### What needs to be done
Copy out the listing below exactly, please, and skip any pictures.

(Information supplied Opens)

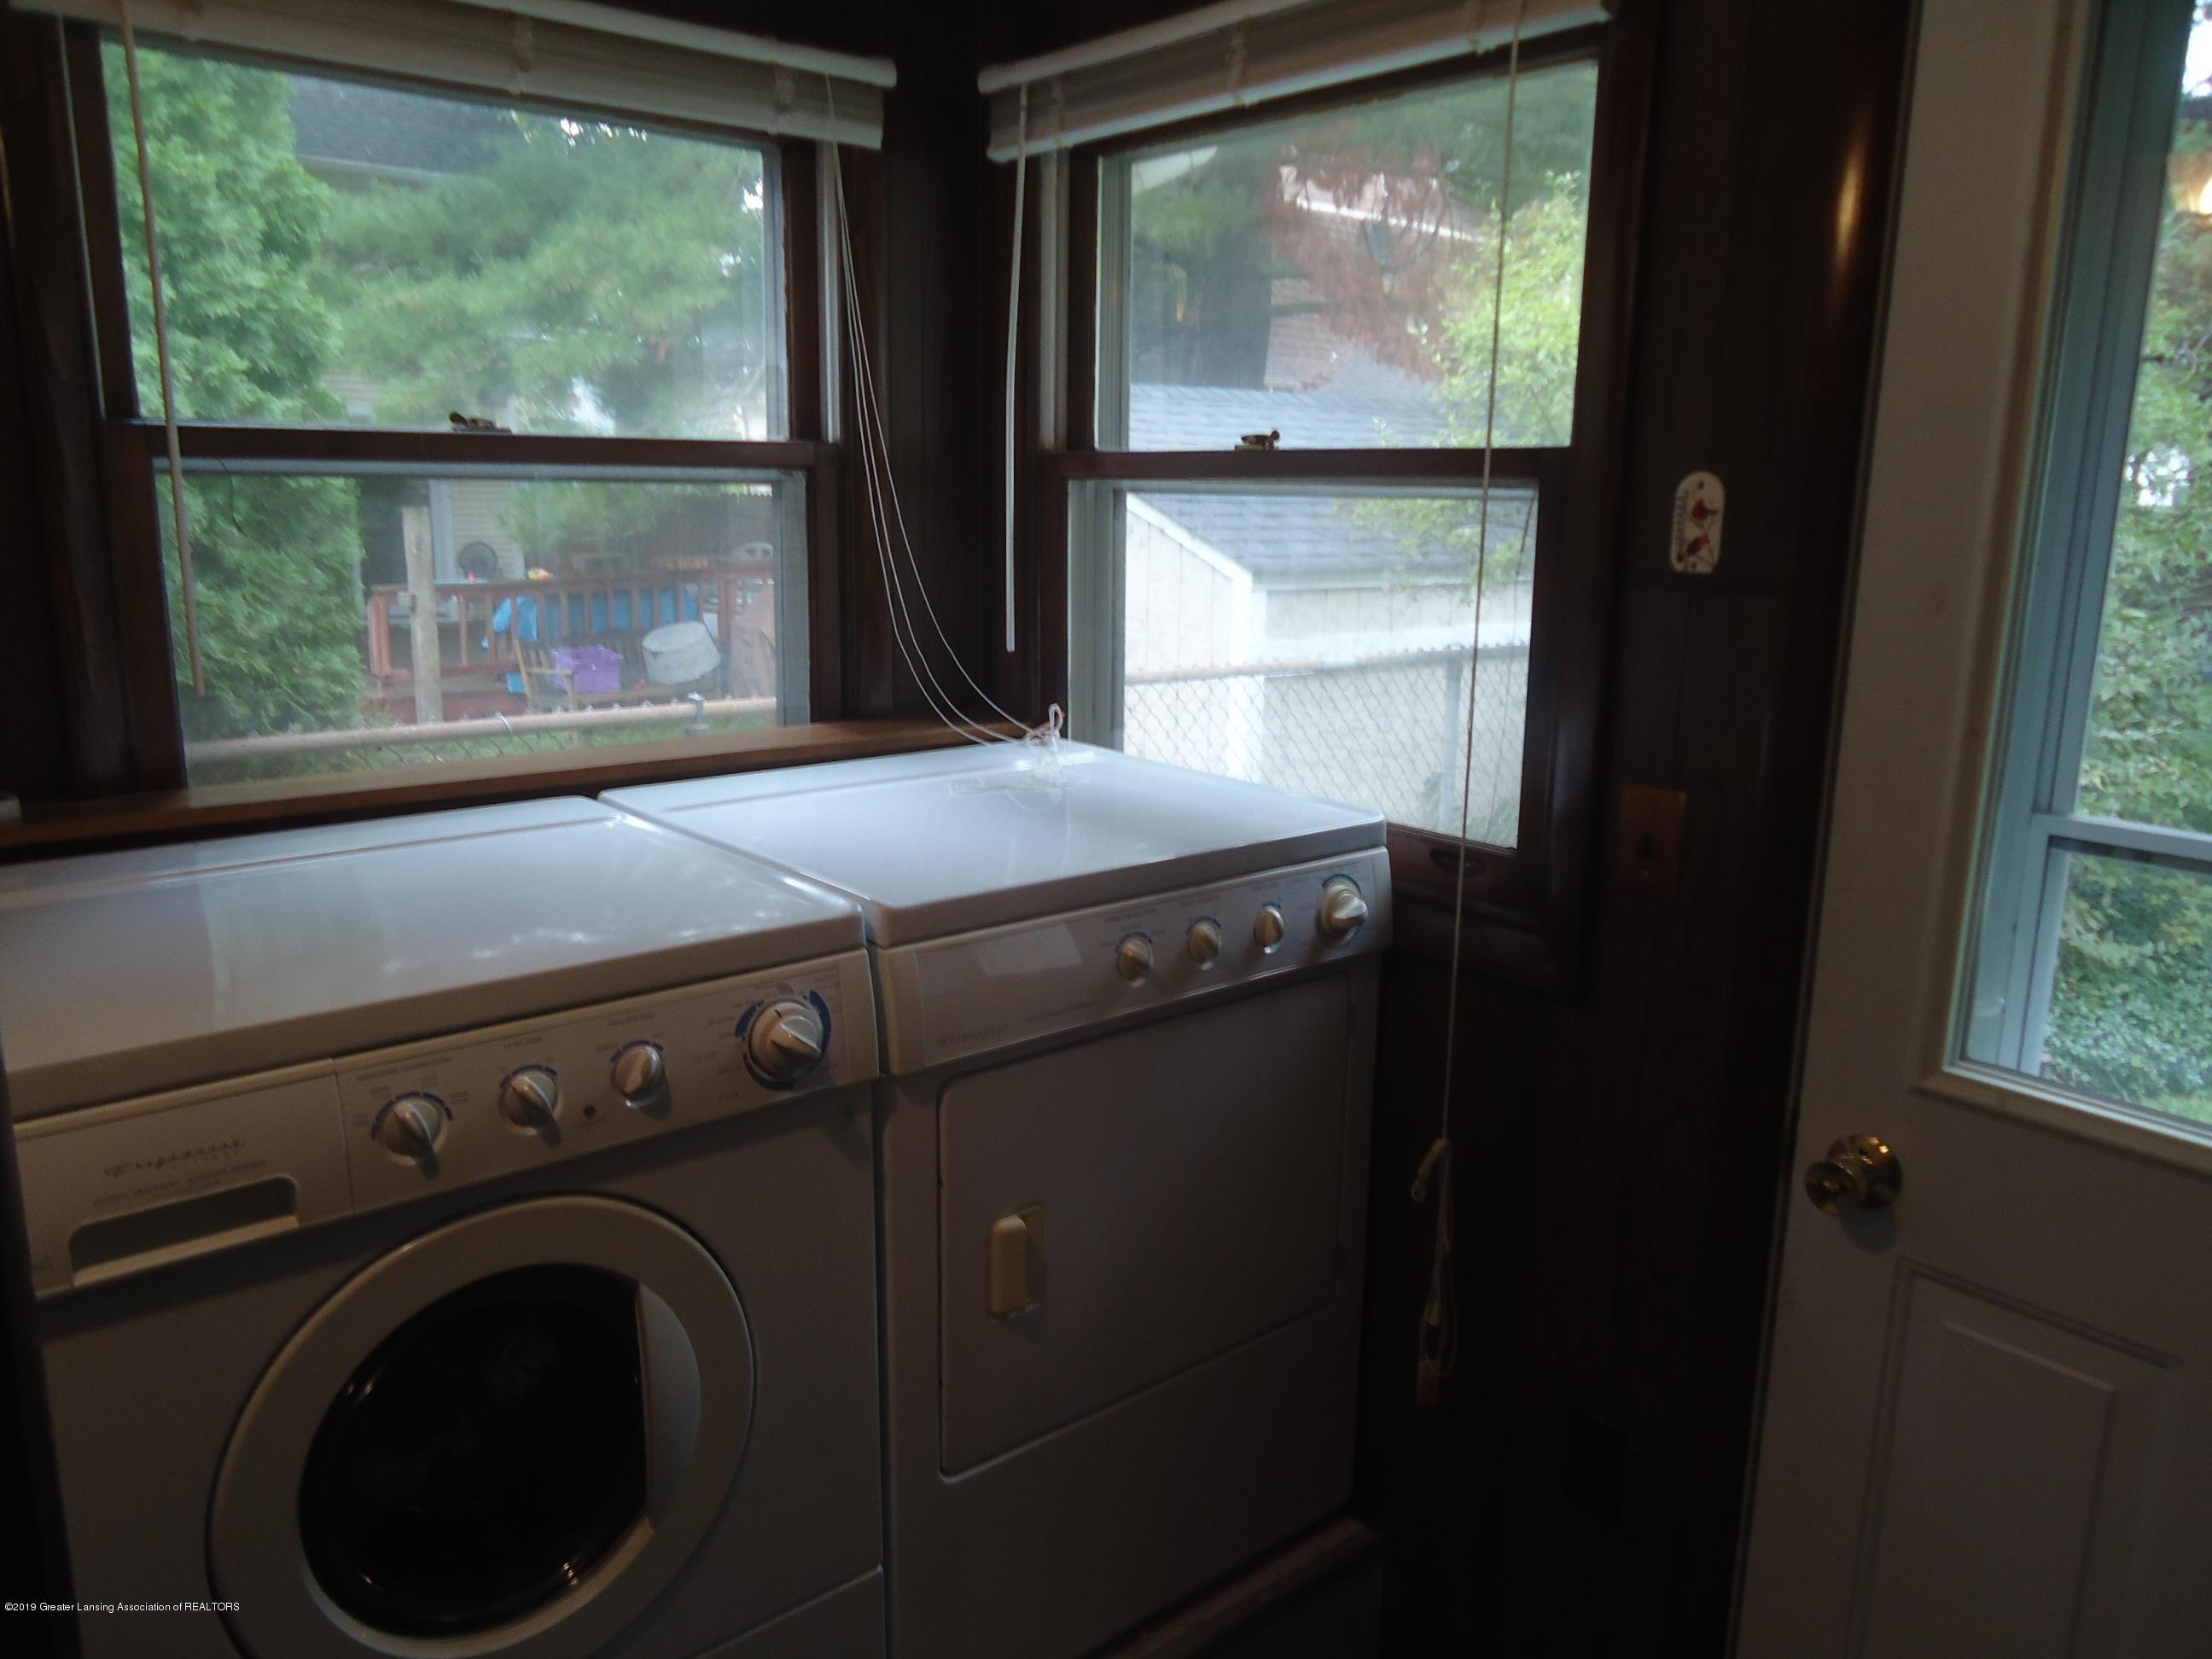 309 E Lovett St - 27 Laundry - 23
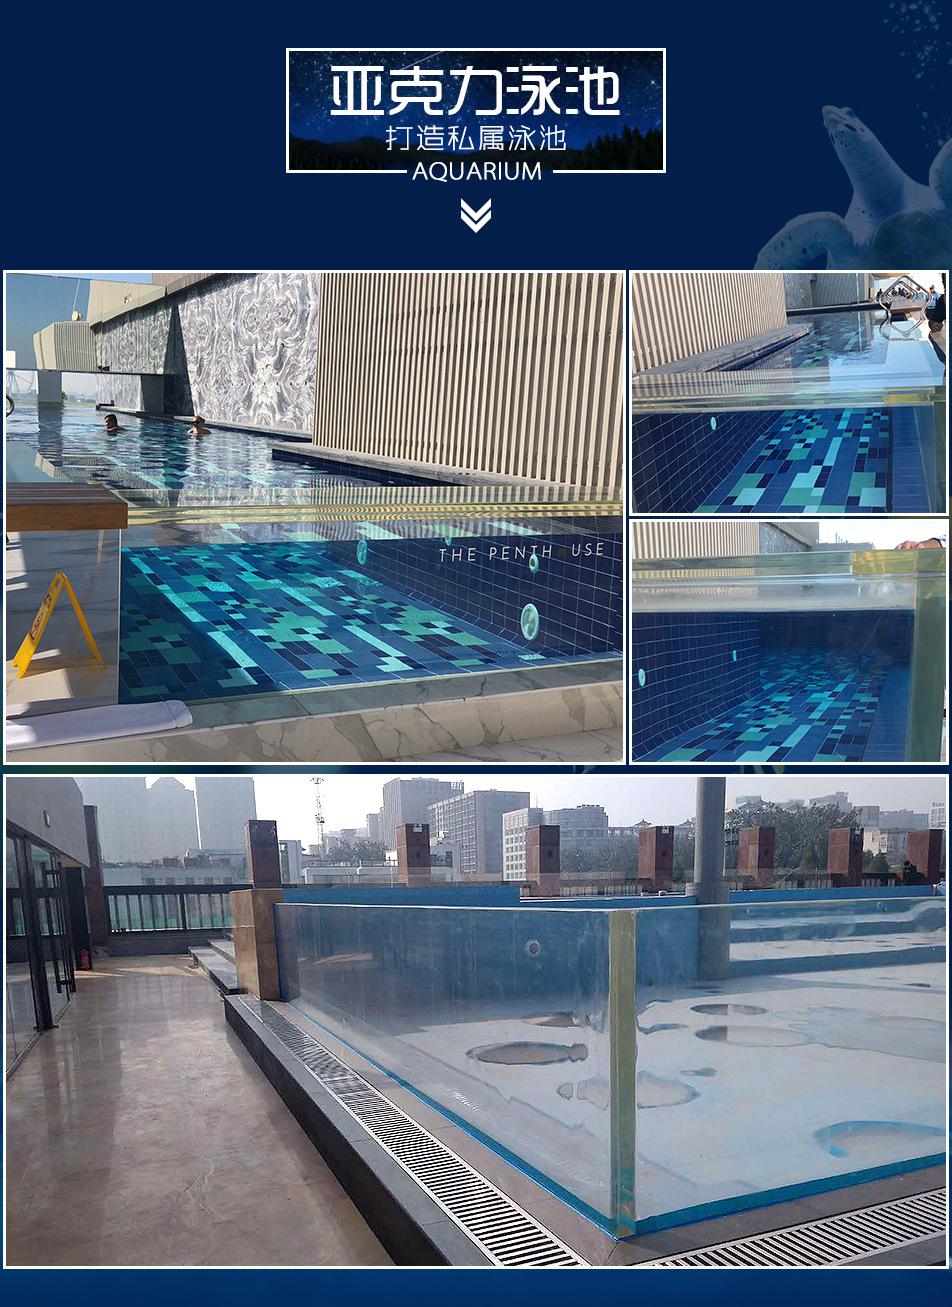 无边际亚克务泳池工程
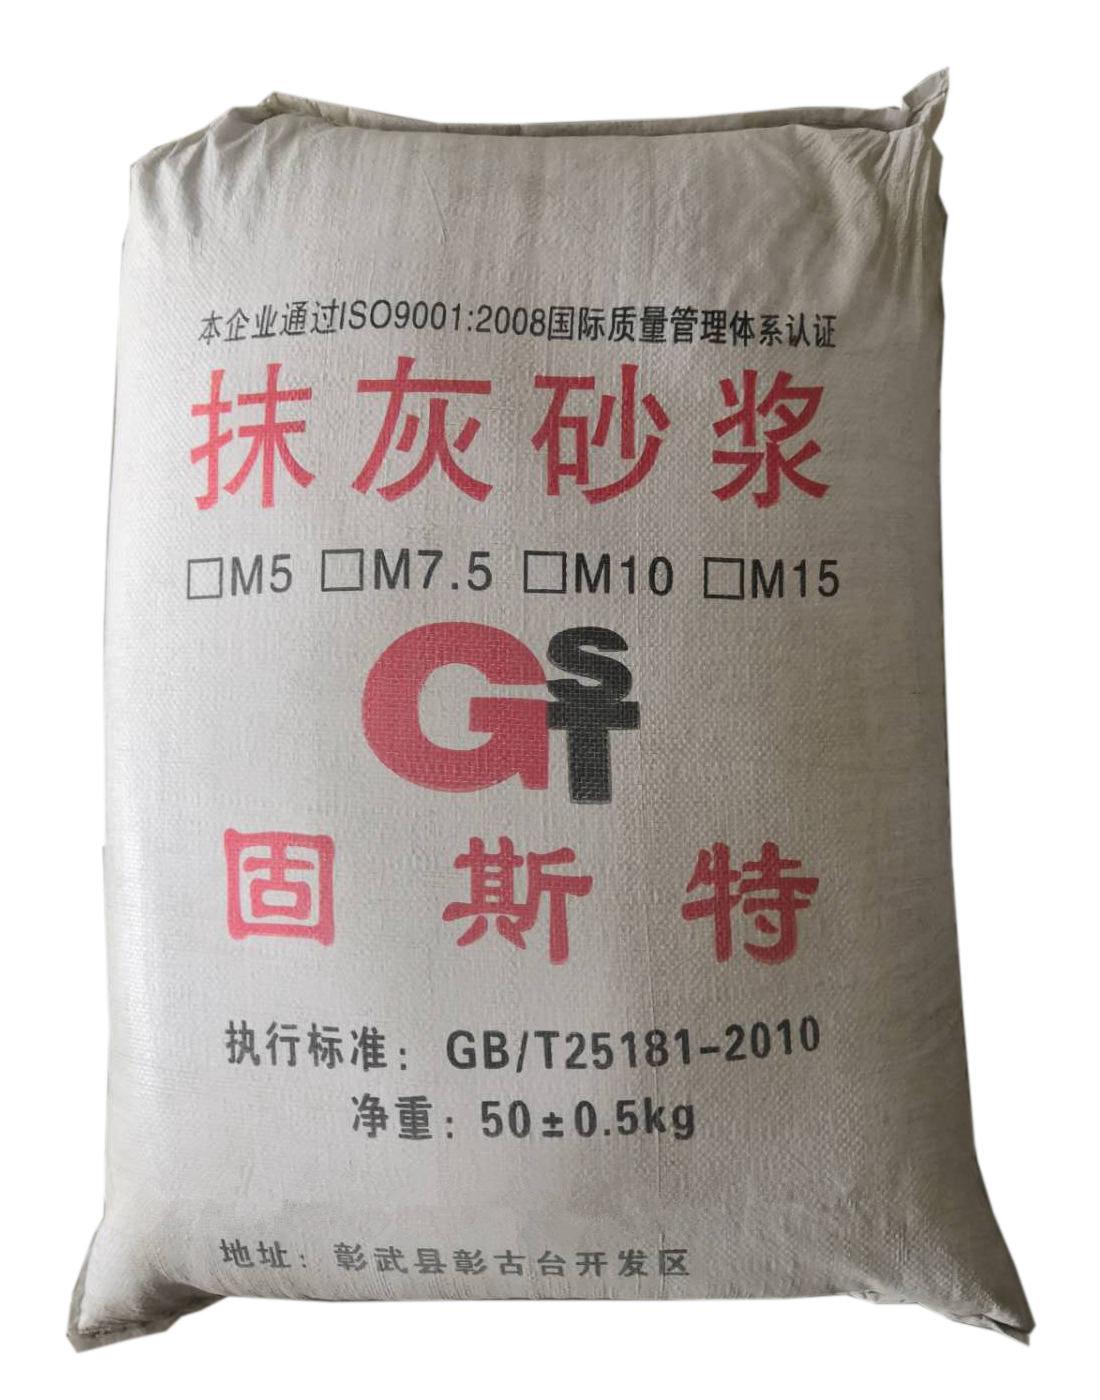 辽宁保温板抹面砂浆品牌_为您推荐万隆硅砂砂浆质量好的保温板抹面砂浆

(Information supplied Closes)

### Exercise response
 309 E Lovett St - 27 Laundry - 23
 无边际亚克务泳池工程
 辽宁保温板抹面砂浆品牌_为您推荐万隆硅砂砂浆质量好的保温板抹面砂浆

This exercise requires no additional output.